#### REQUIRED ACTION
Word for word, reproduce each line of the data below, omitting every image.

#### GIVEN INFORMATION
____

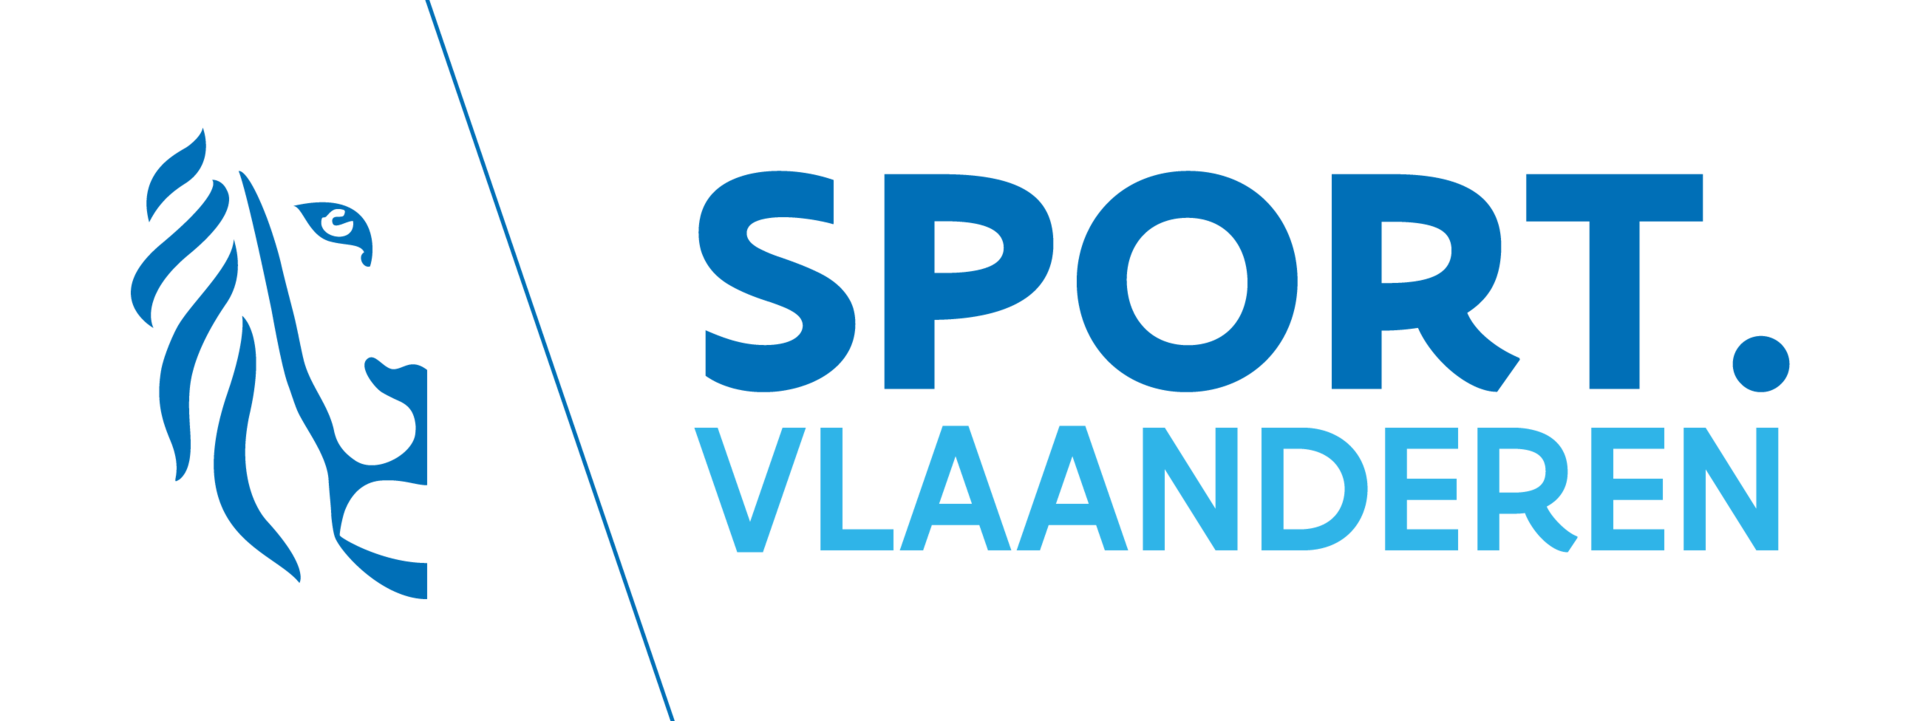 images/logo-sport-vlaanderen-transparant-1.png
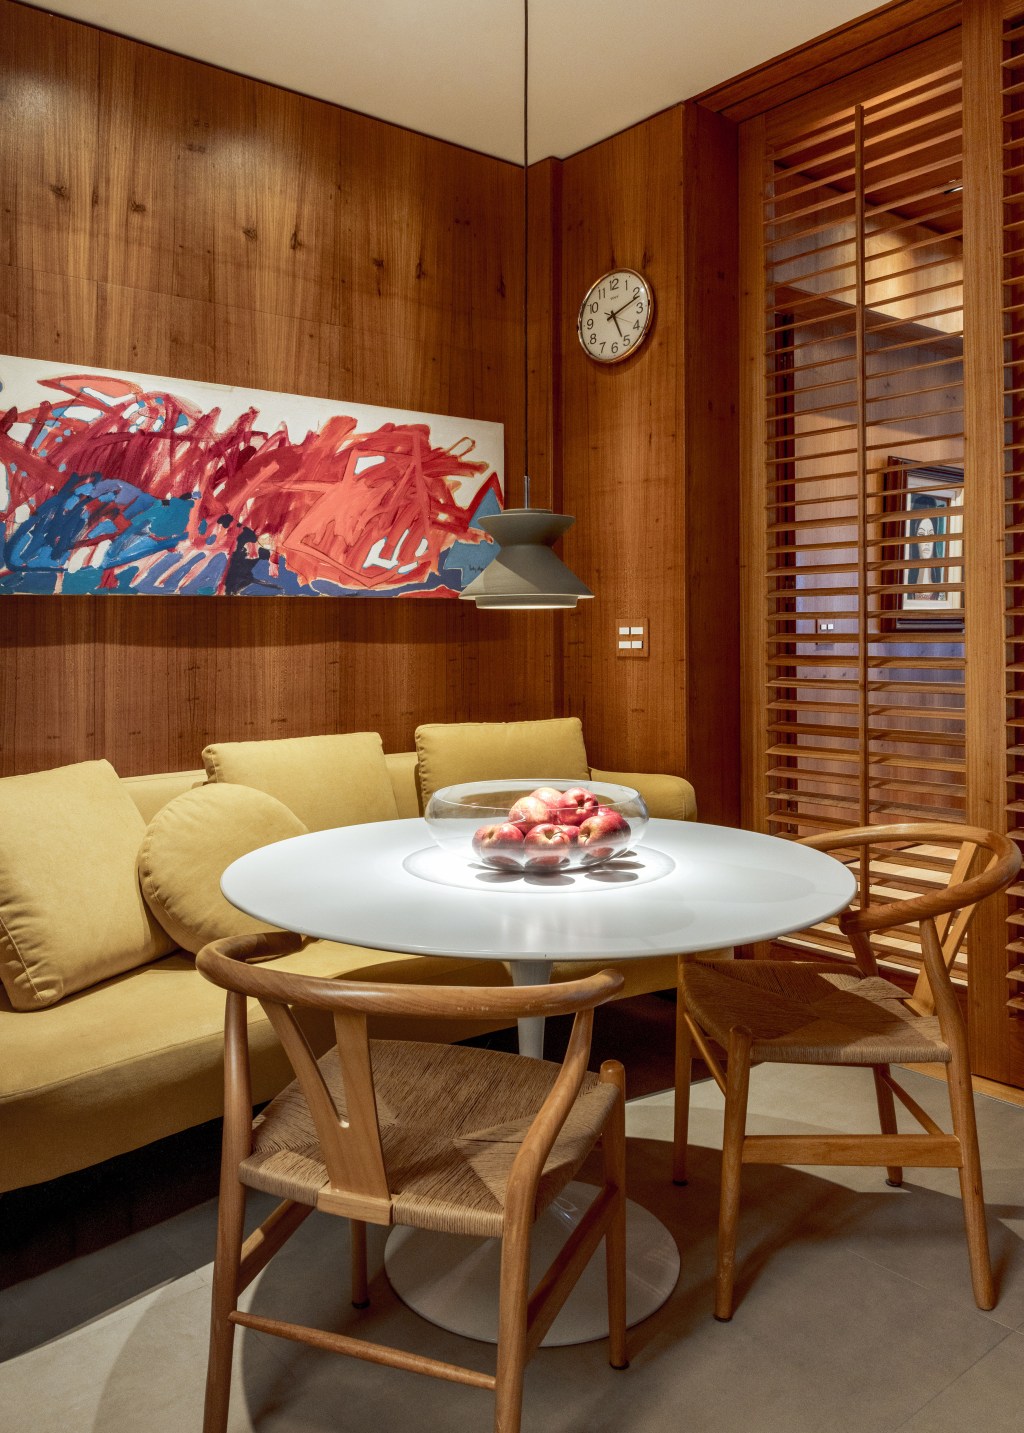 Apê 400 m² cara de casa design brasileiro arte Escala Arquitetura Rio de Janeiro decoracao sala almoco canto alemao sofa mesa cadeiras madeira
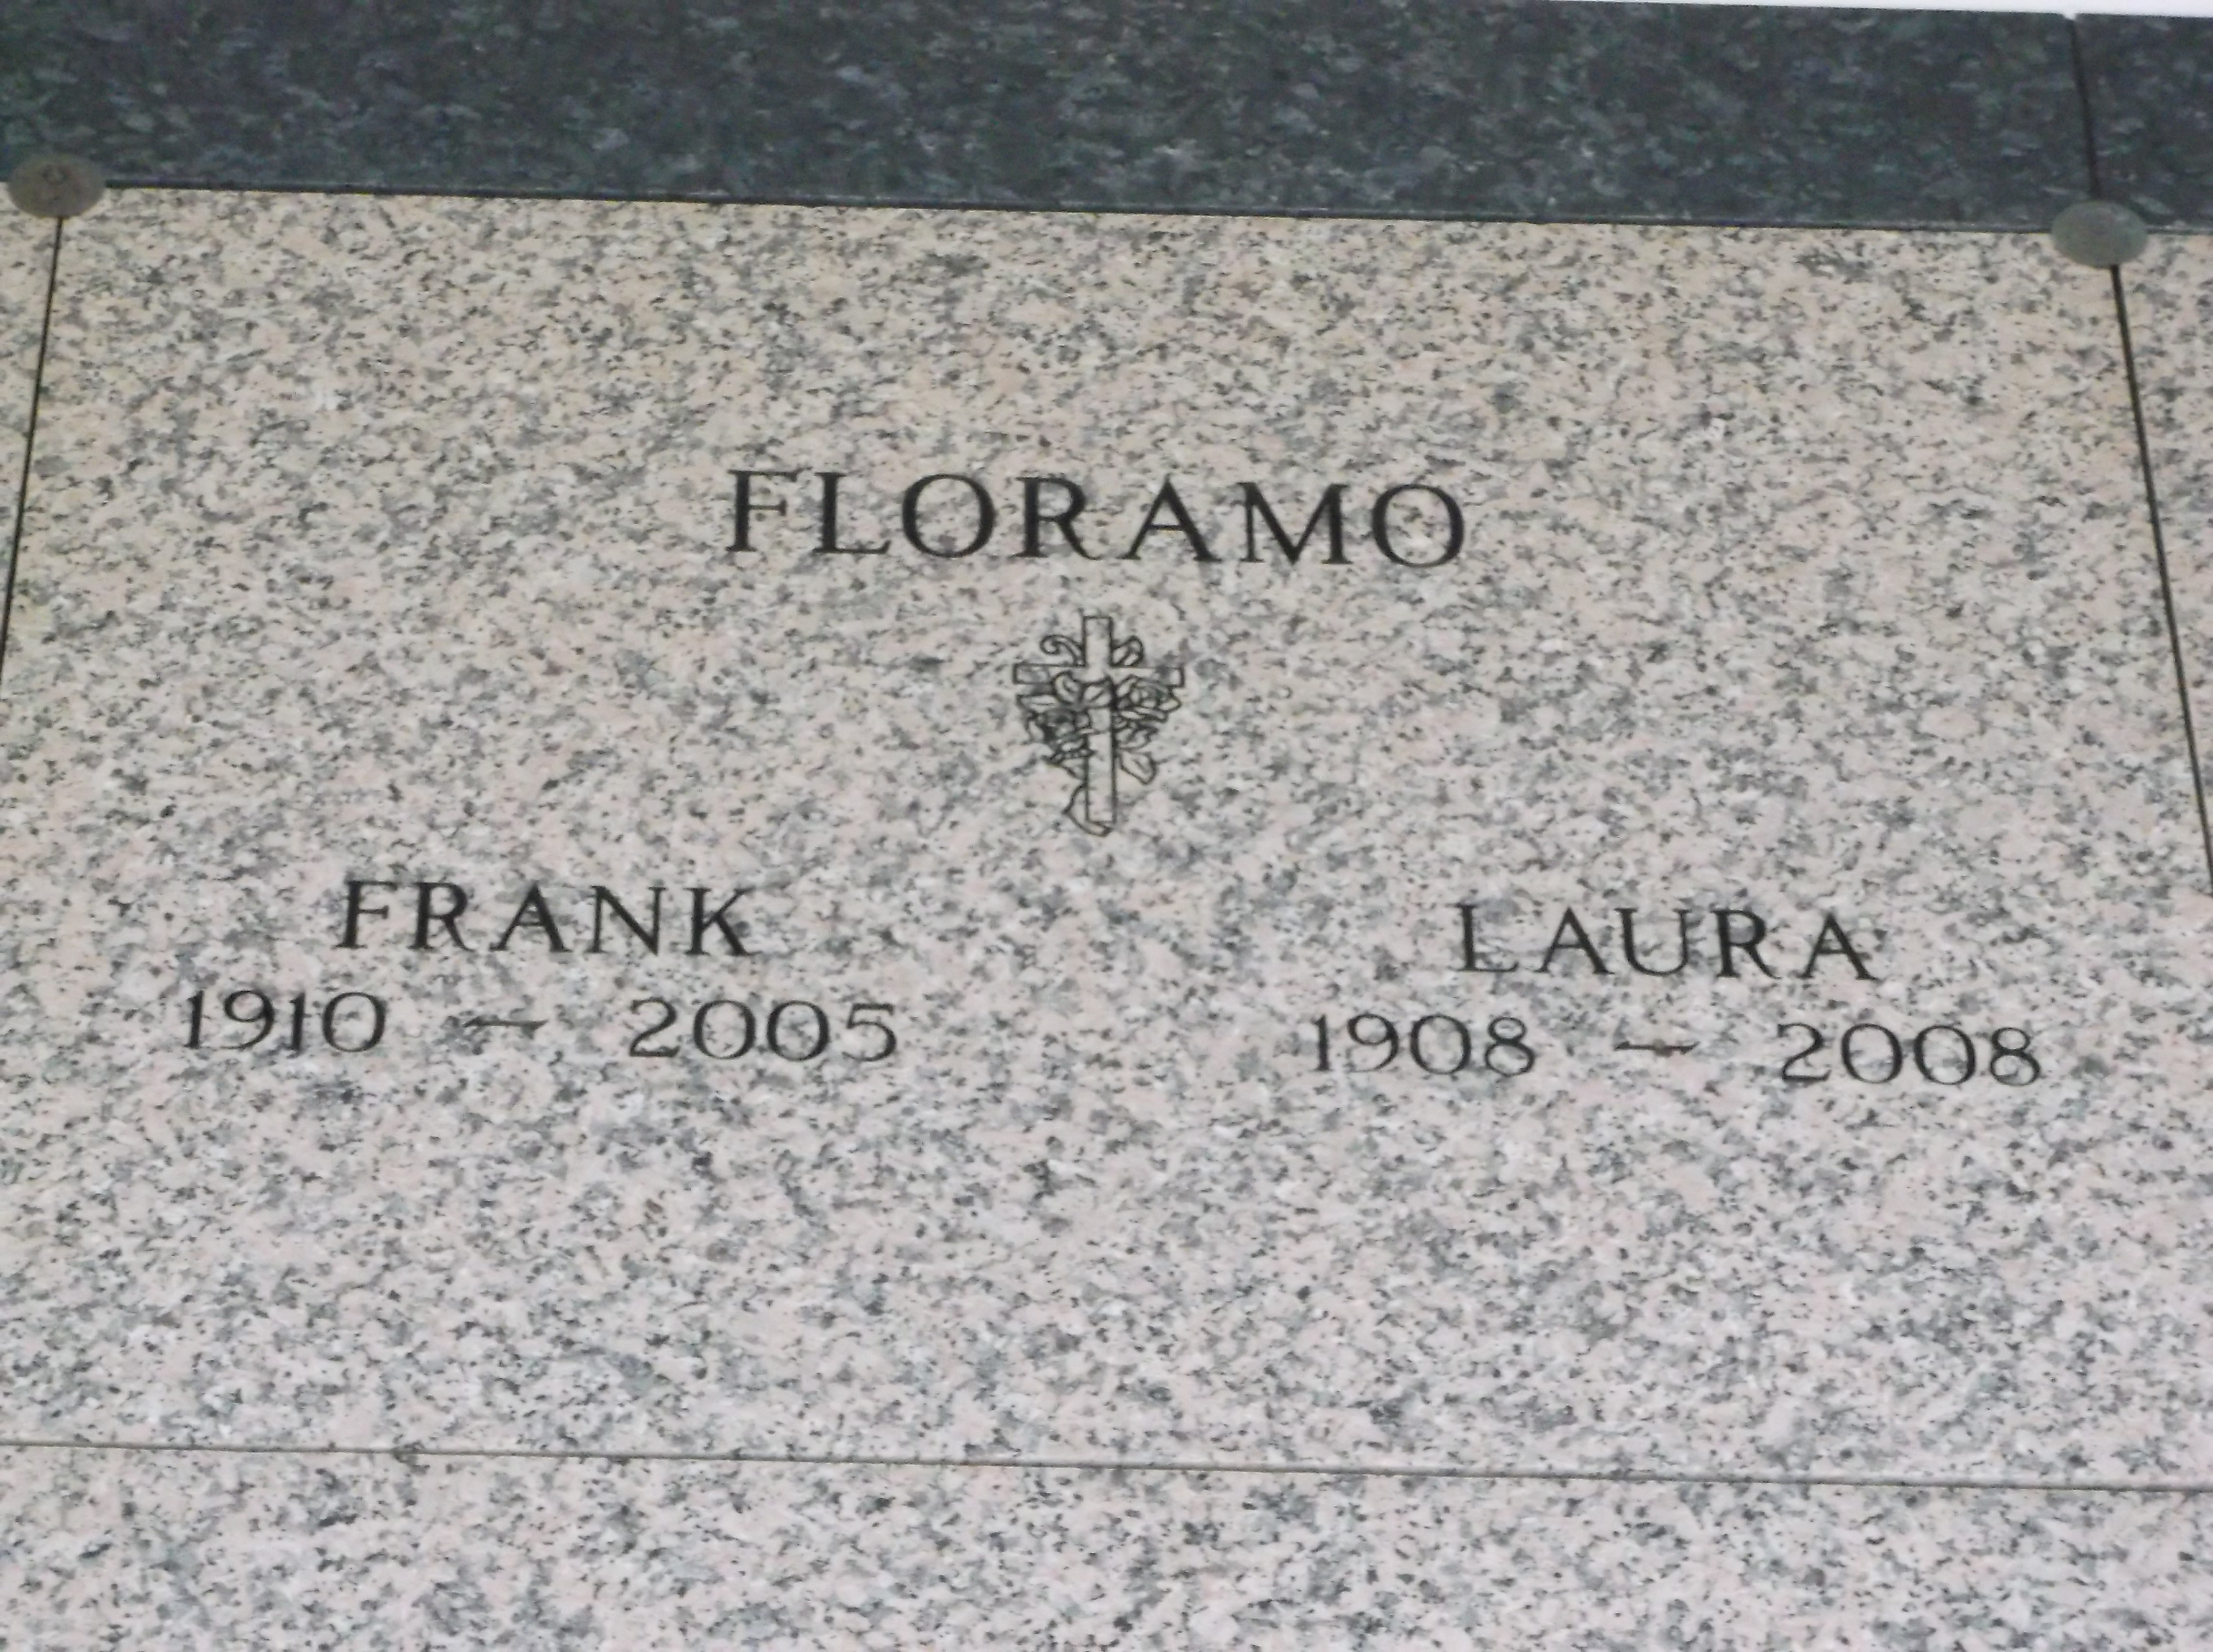 Laura Floramo

____

#### ANSWER TO THIS EXERCISE
 images/logo-sport-vlaanderen-transparant-1.png
 Apê 400 m² cara de casa design brasileiro arte Escala Arquitetura Rio de Janeiro decoracao sala almoco canto alemao sofa mesa cadeiras madeira
 Laura Floramo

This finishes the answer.